SUPPLIED INFORMATION »
# # #

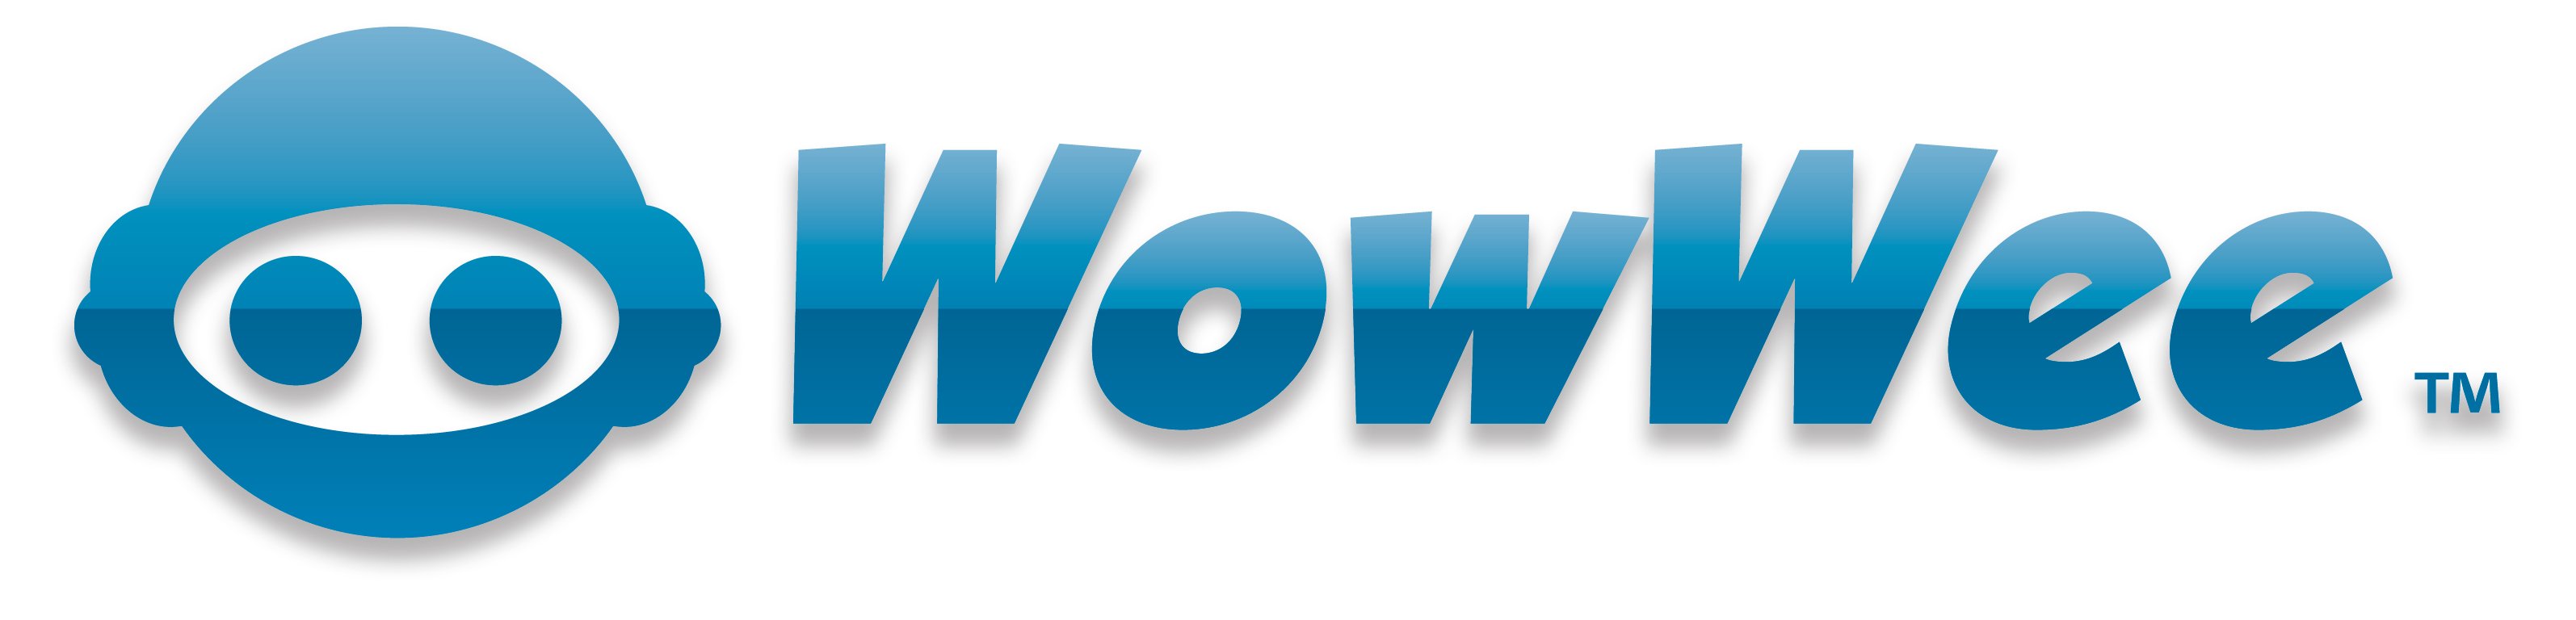 wowwee_logo
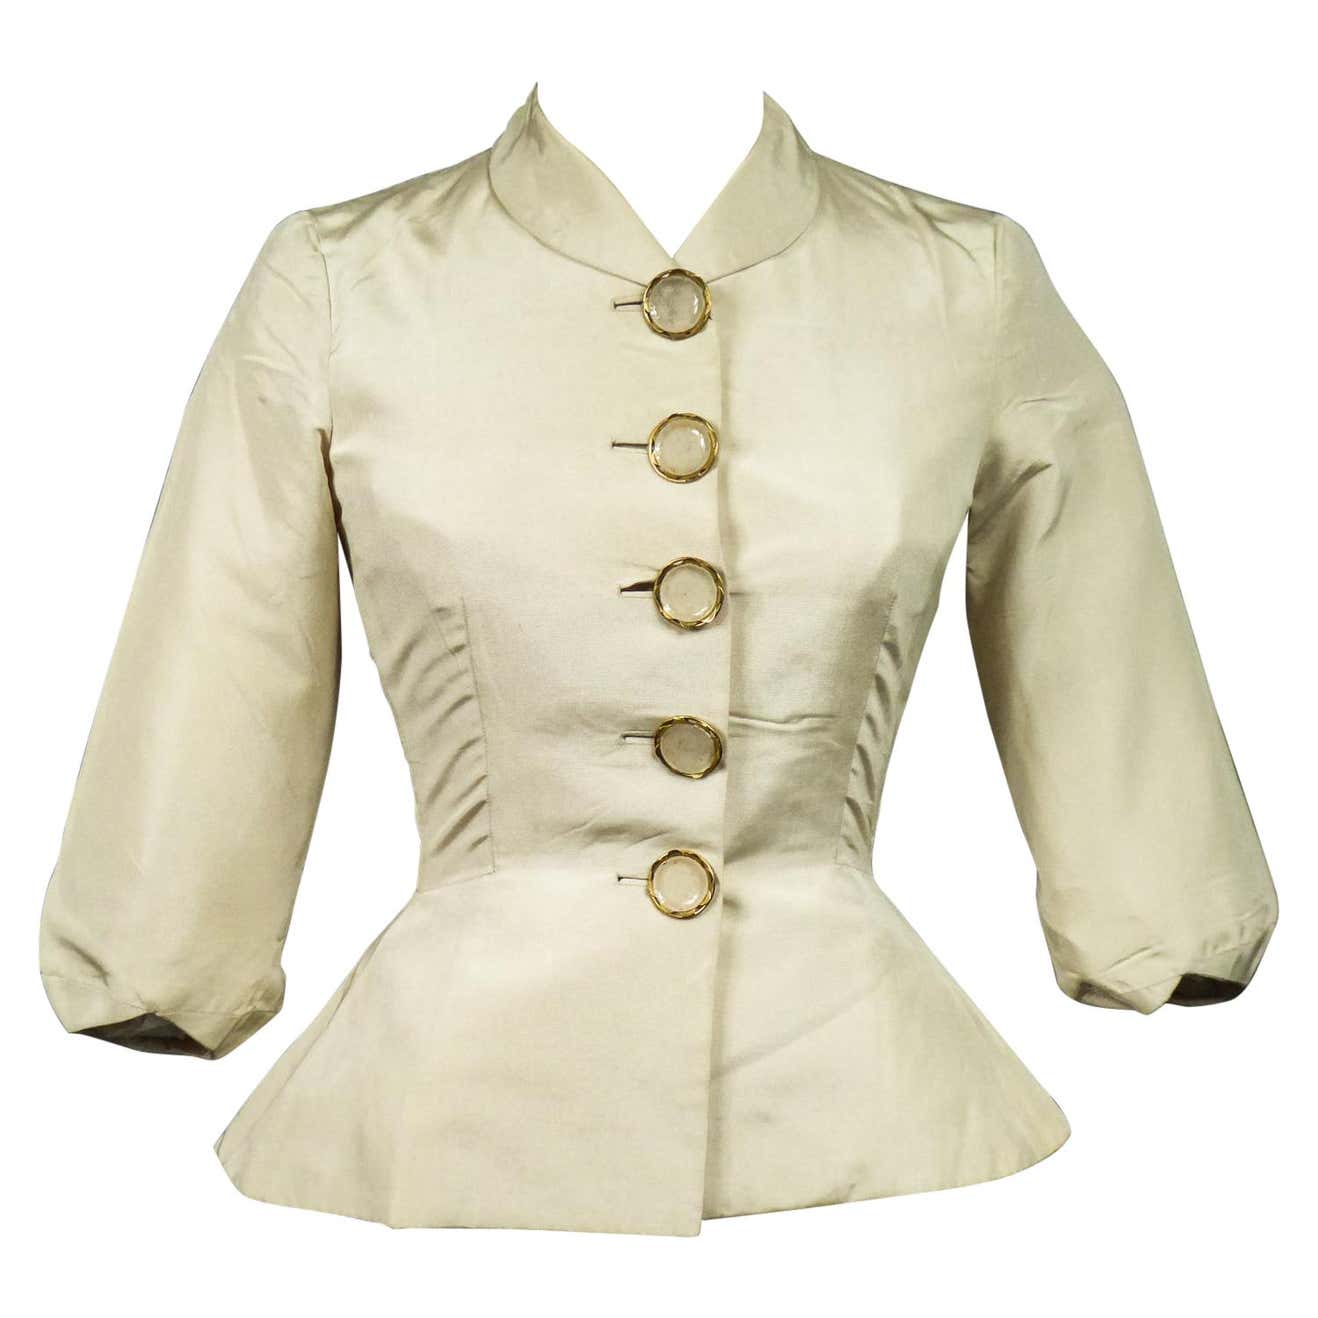 An Elsa Schiaparelli Bar Jacket in Cream Silk Numbered 89254 Circa 1947 ...
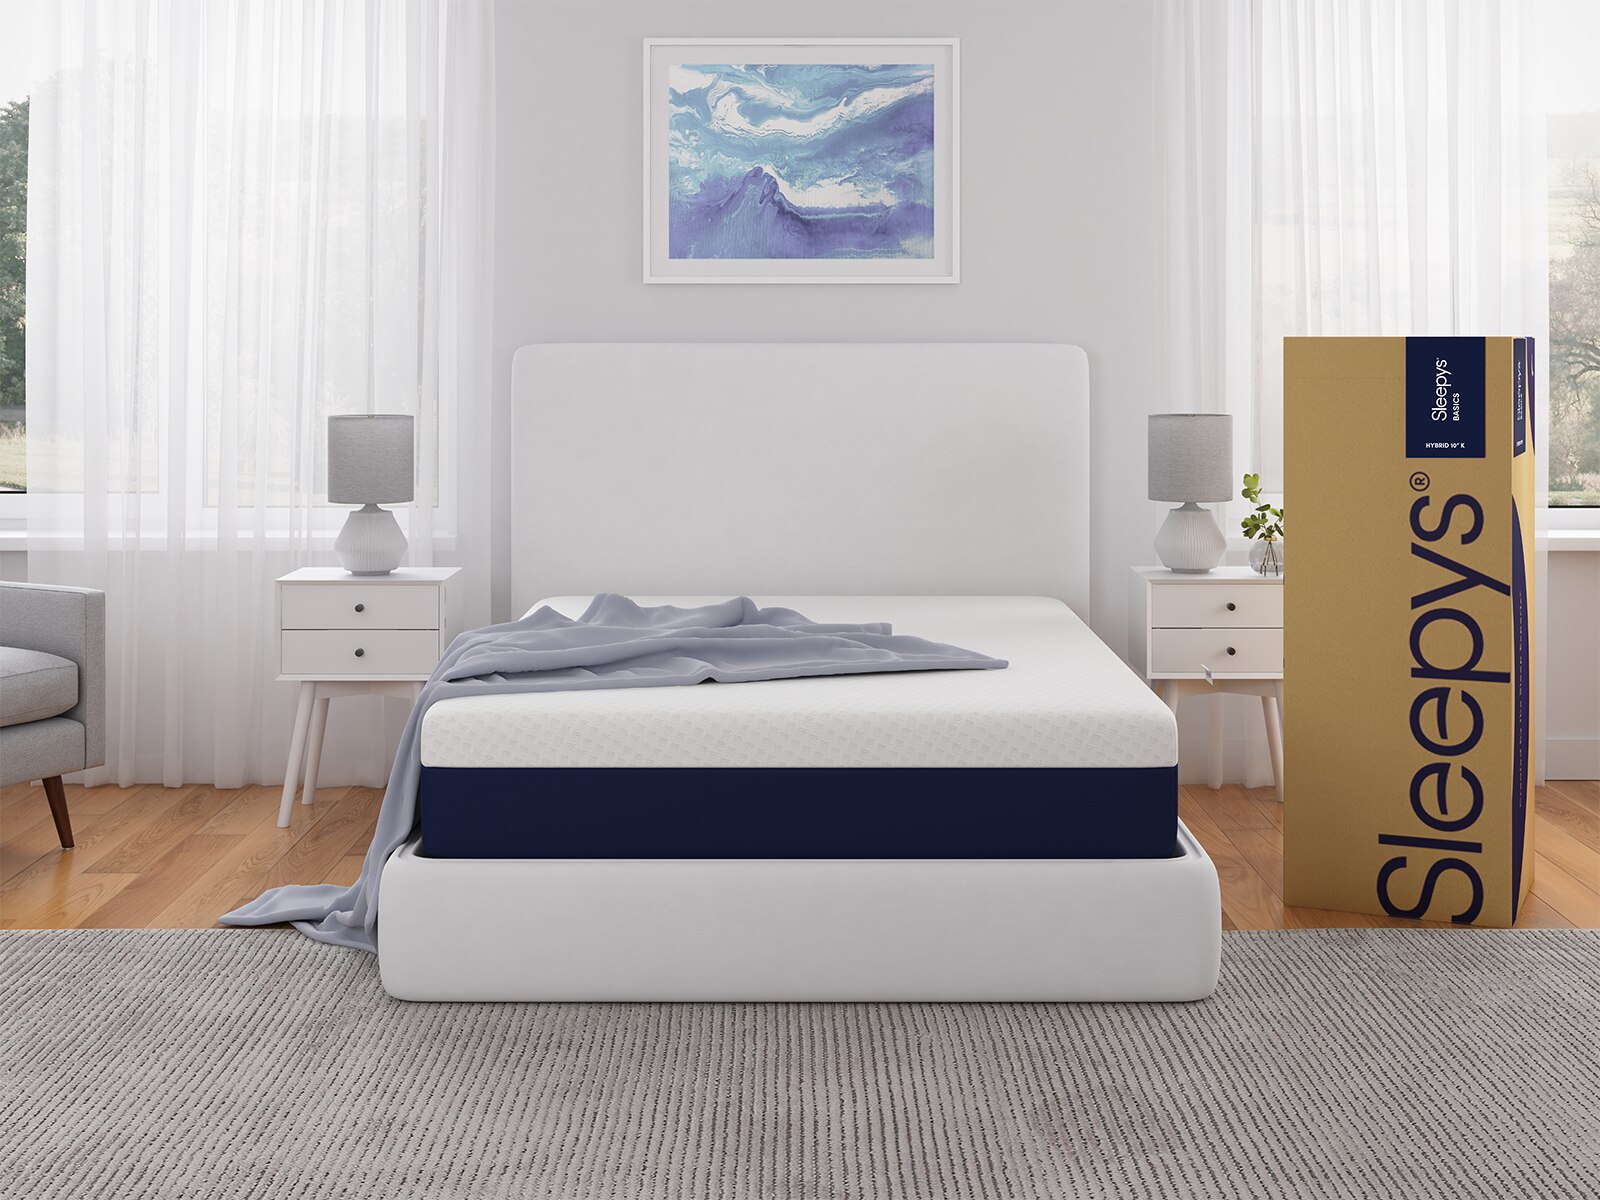 sleepy's hybrid 13 inch medium mattress
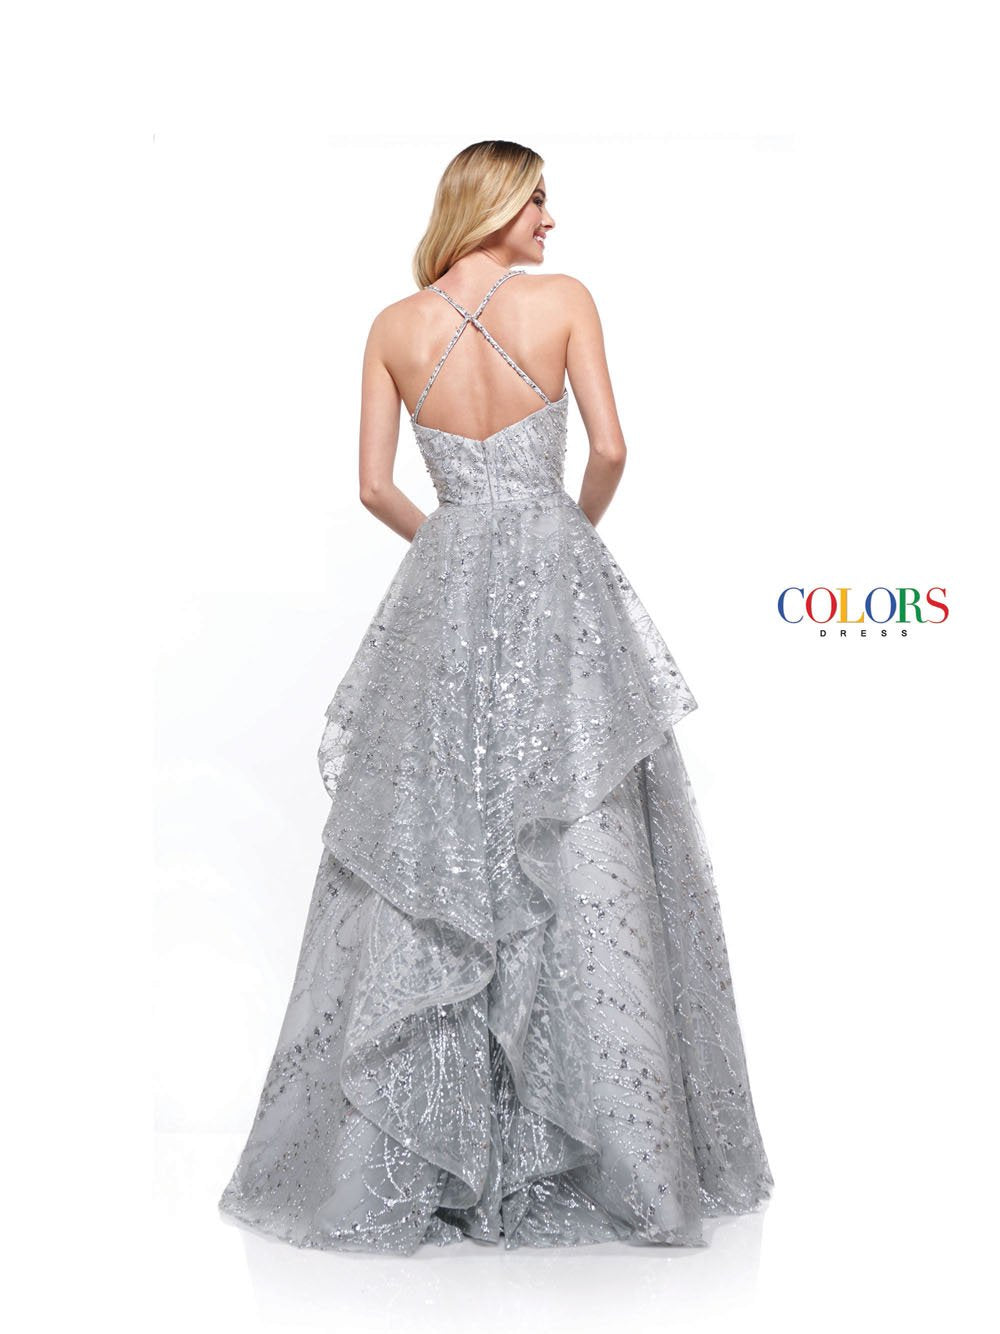 silver color dress

# # #

WORK ITEM » Please produce an exact copy of all the material, leaving out the pictures.

WRITTEN RESPONSE »
 wowwee_logo
 An Elsa Schiaparelli Bar Jacket in Cream Silk Numbered 89254 Circa 1947 ...
 sleepy's hybrid 13 inch medium mattress
 silver color dress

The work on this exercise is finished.